Monday, November 6, 2017

Distribution of Plan Assets to the Participant

As noted above, P usually should not withdraw Plan assets before reaching 59 1/2 to avoid the 10% penalty tax, and must take required minimum distributions after reaching the RBD to avoid the 50% tax (these required distributions provide a floor, not a ceiling; P is always free to withdraw more than the minimum amount). The required minimum distribution is determined actuarially; basically, P divides the amount of assets held in the Plan in any given year by his or her remaining life expectancy. P must elect either to use a fixed life expectancy or to recalculate it each year. By recalculating, P obtains greater deferral during his or her life, but may adversely affect beneficiaries deferral after Ps death (discussed below). If P does not make an affirmative election, P will be deemed to have irrevocably elected to recalculate. P also may have the option of using the joint lives of P and the beneficiary named in the Plan beneficiary designation, which reduces the required minimum distribution each year because the life expectancy is longer.
However, P can only use joint life expectancy if P has a "designated beneficiary" (DB). Designated beneficiary is a tax term of art; it means the beneficiary named on the beneficiary designation form on the earlier of Ps death or RBD, but only if that beneficiary is an individual. In other words, P can have an actual beneficiary, but not a DB, if P names a charity or Ps estate. A trust must qualify as a DB, but only if it is drafted to meet certain tax requirements. If P has named several beneficiaries, each must be an individual (or qualifying trust) for P to have a DB. If several beneficiaries are named, the oldest beneficiarys life expectancy is used.
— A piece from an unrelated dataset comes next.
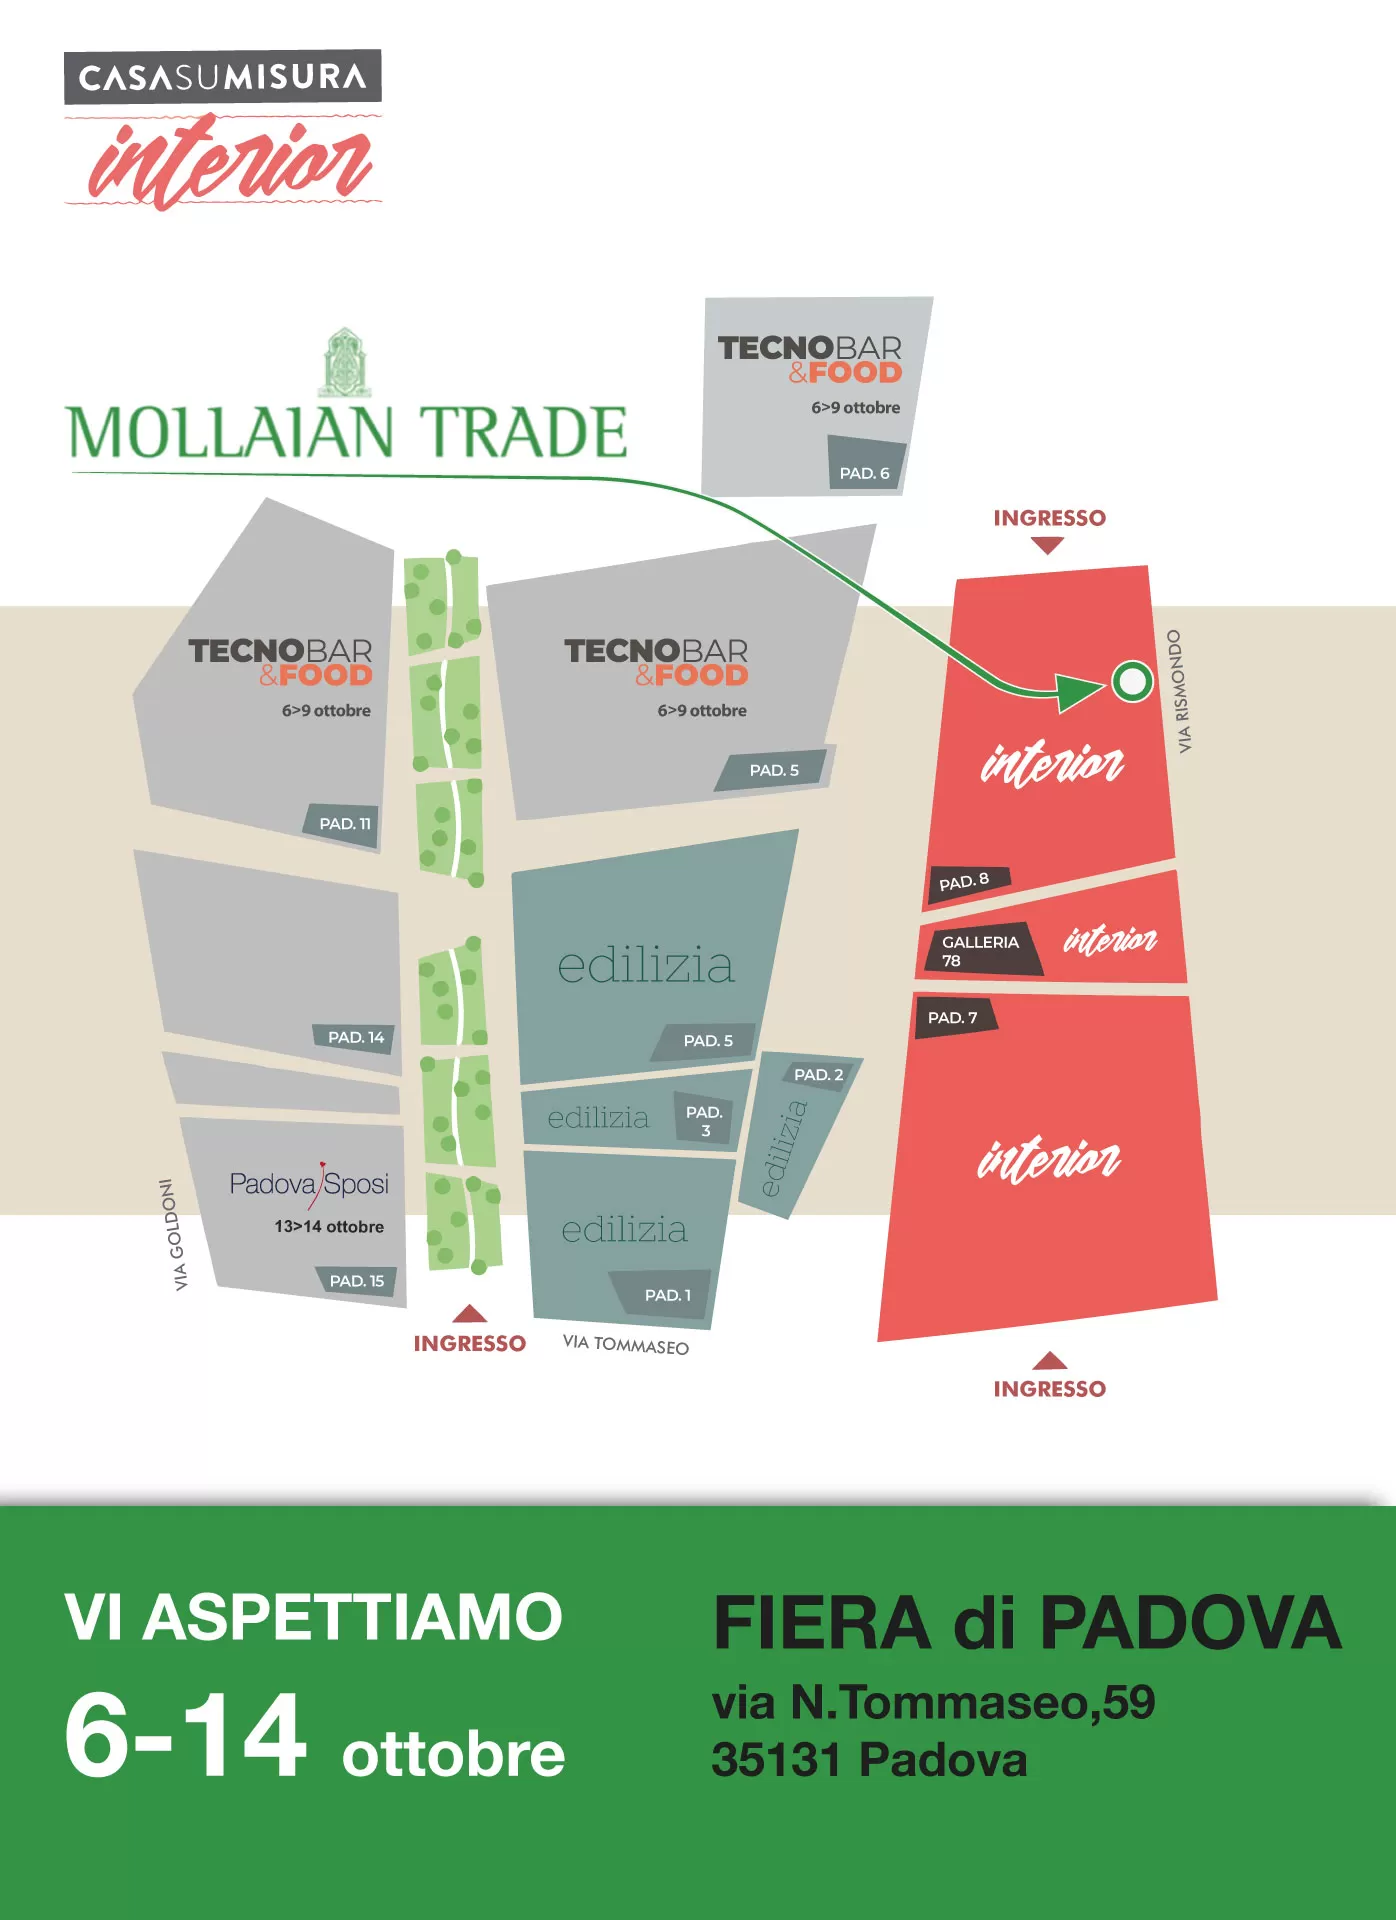 Casa su Misura 2018 Padova: Mollaian Trade tra gli espositori

Finally, if P names an individual other than Ps spouse, that individual will be deemed to be no more than 10 years younger than P for purposes of determining Ps minimum required distributions.
Once P has reached the RBD and a DB has been determined, P cannot later change to a younger DB in order to increase the amount of deferral. However, if P later changes to an older beneficiary, or to a non-individual, that new beneficiarys life expectancy will be used and the amount of deferral decreases. In other words, P cannot help, but can only hurt, himself or herself by changing beneficiaries after the RBD.